TASK TO CARRY OUT:
All the lines below should be set down exactly, with no picture carried into the copy.

SOURCE MATERIAL:
+++++
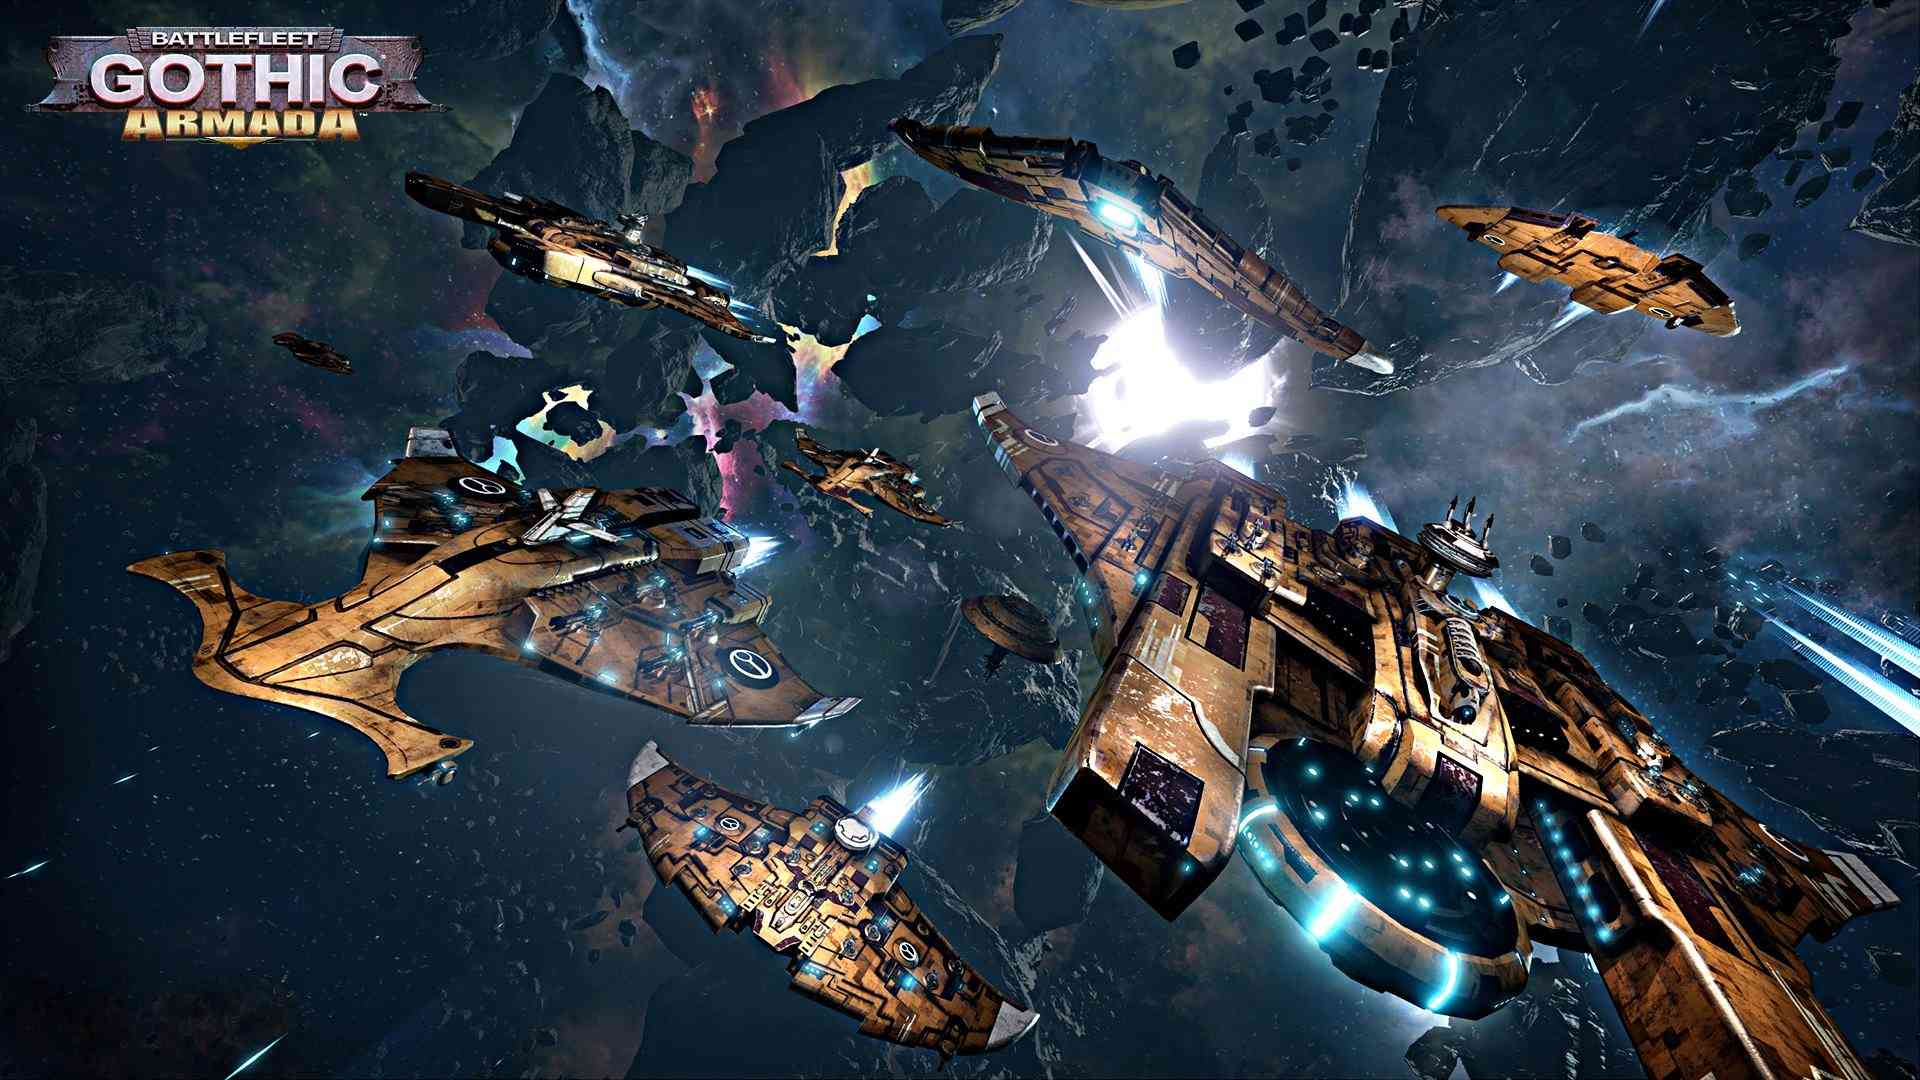 [Jeu vidéo] Battlefleet Gothic : Armada - Page 18 14205910
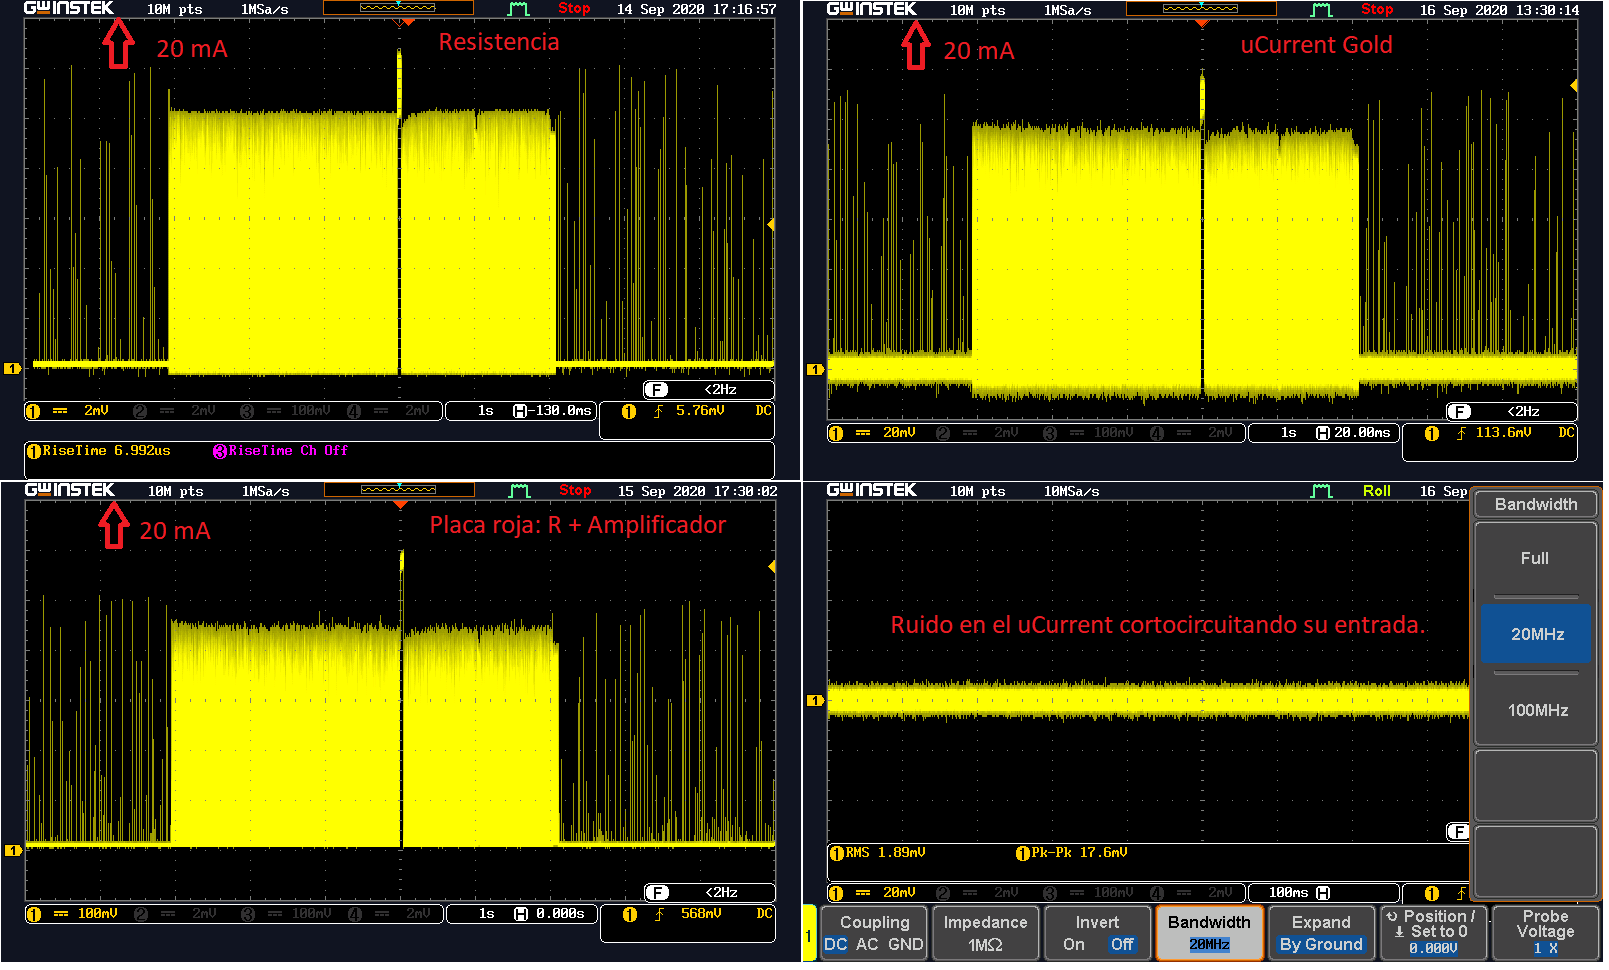 Captura con resistencia 0.1 Ohms, R + Amplificador, uCurrent Gold.
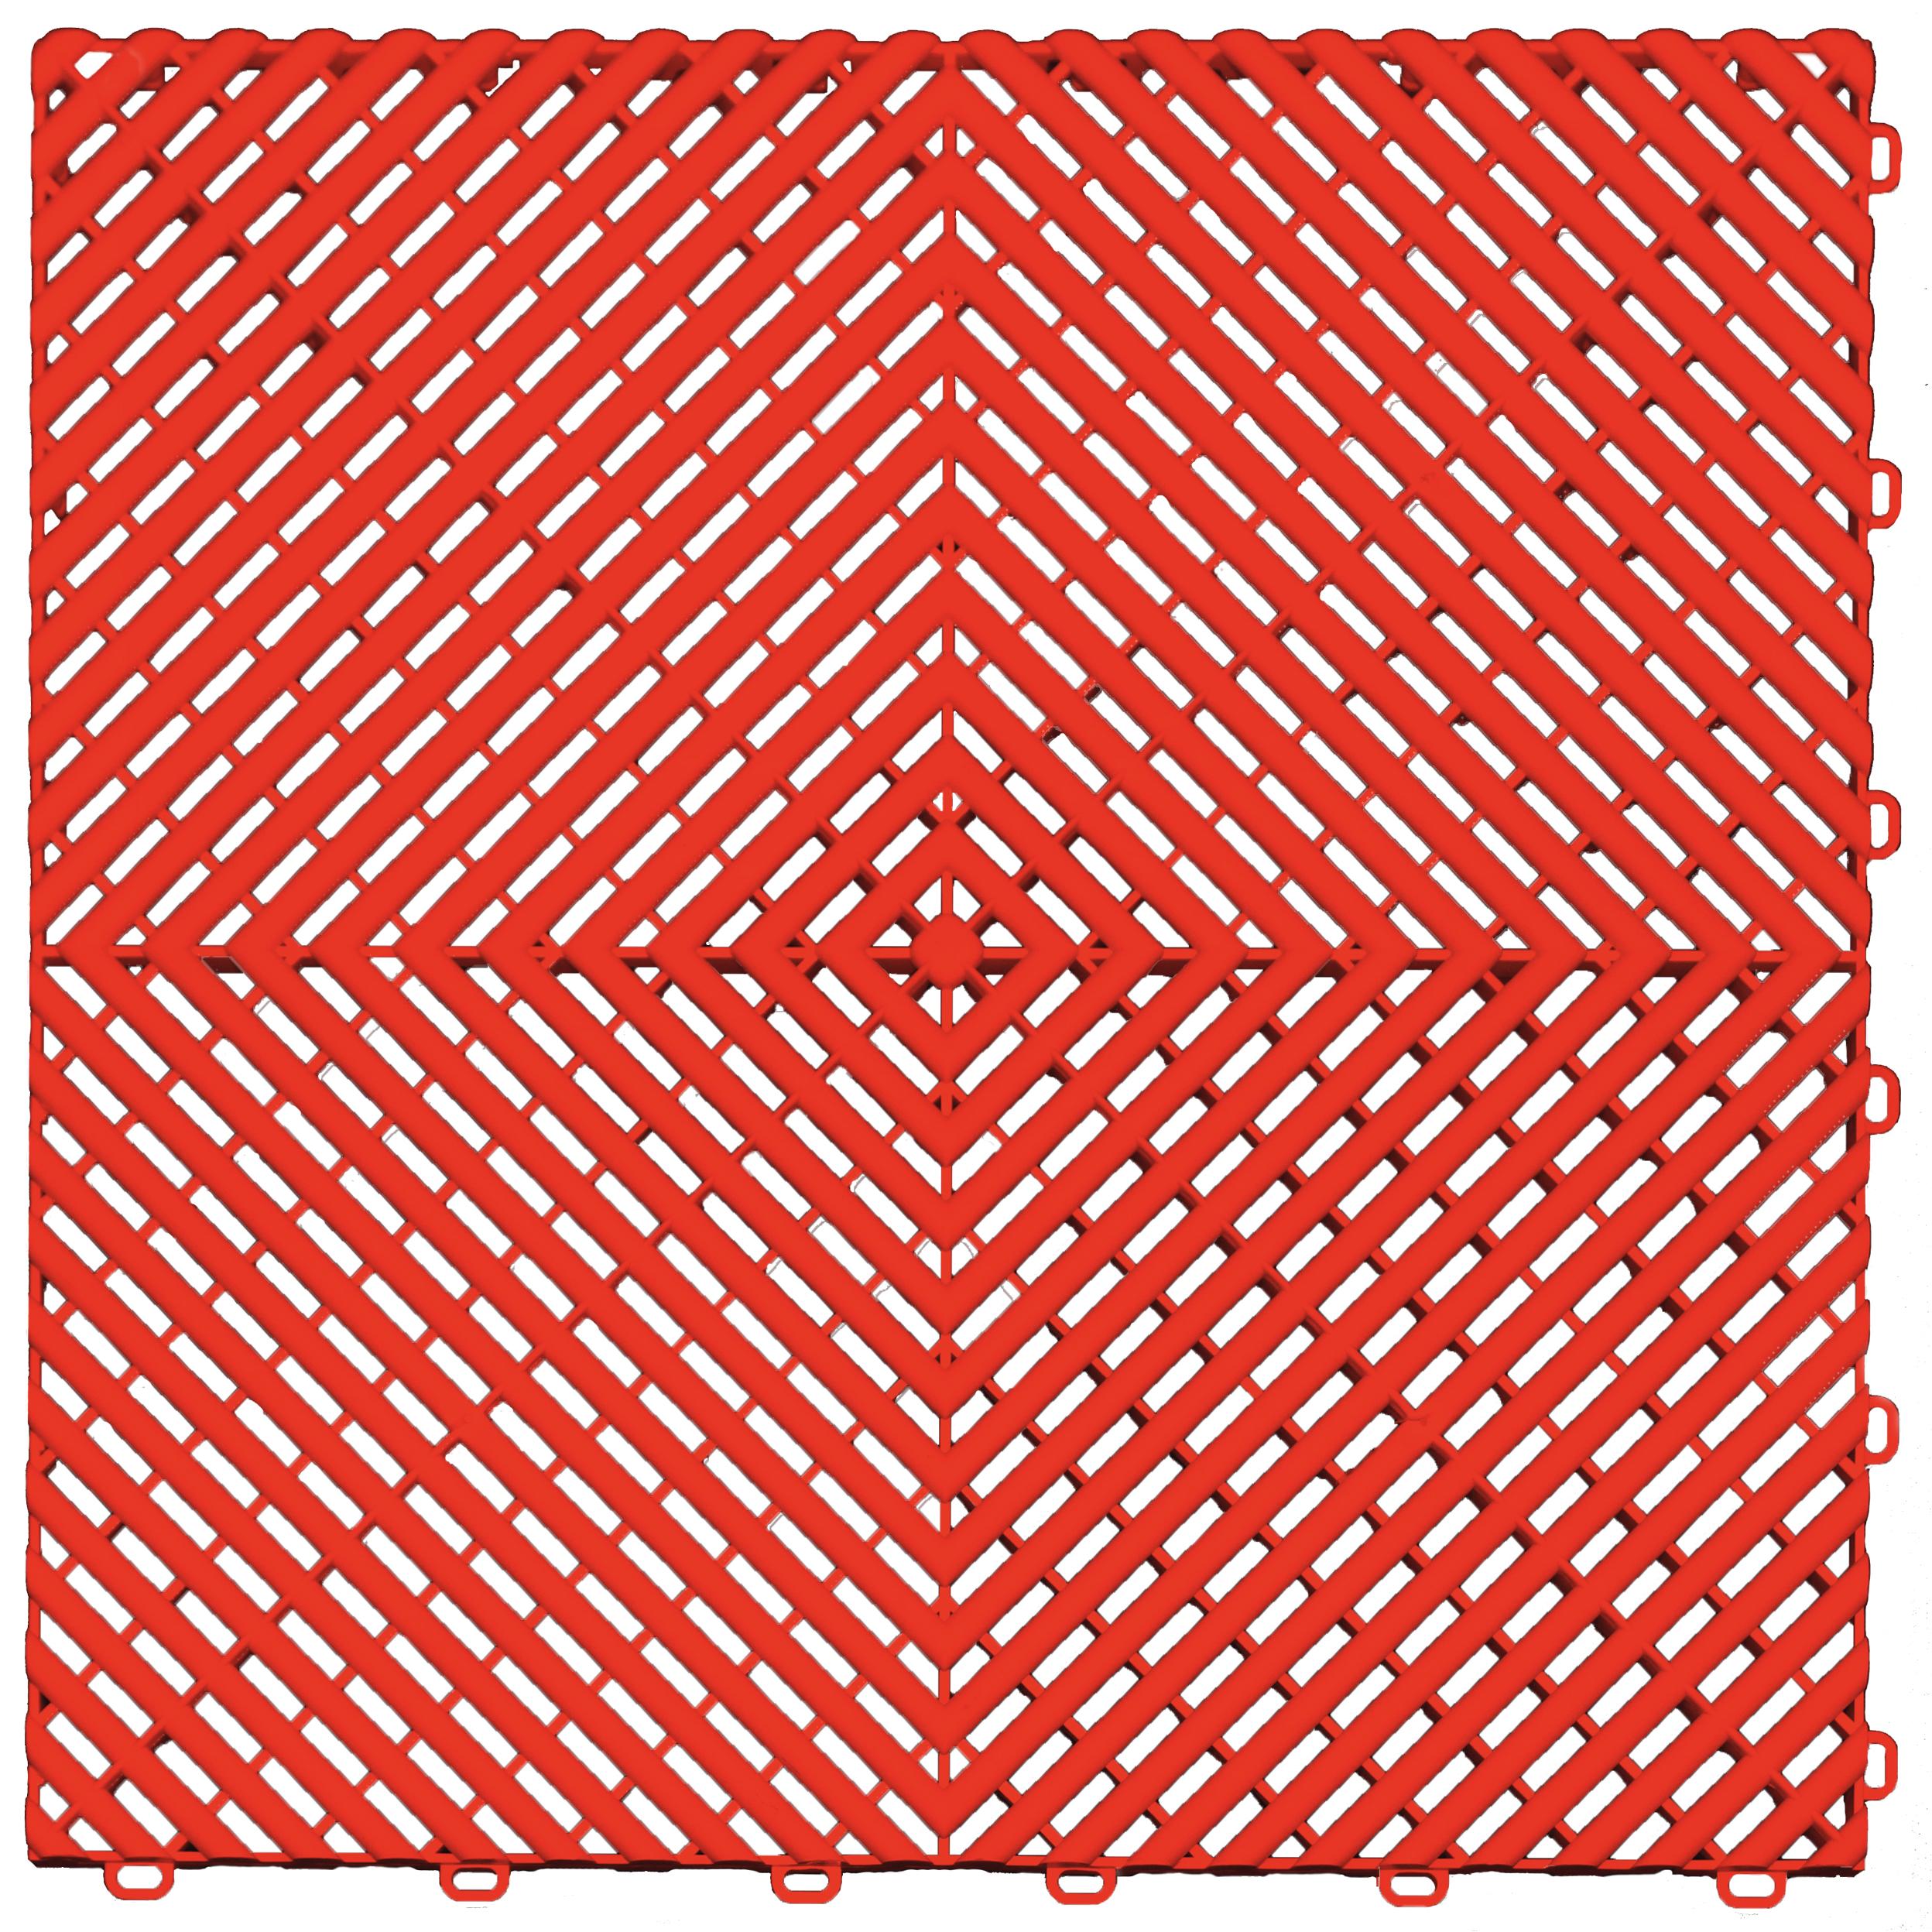 Swisstrax® Modular Tile
+++++
ANSWER AREA:
 [Jeu vidéo] Battlefleet Gothic : Armada - Page 18 14205910
 Captura con resistencia 0.1 Ohms, R + Amplificador, uCurrent Gold.
 Swisstrax® Modular Tile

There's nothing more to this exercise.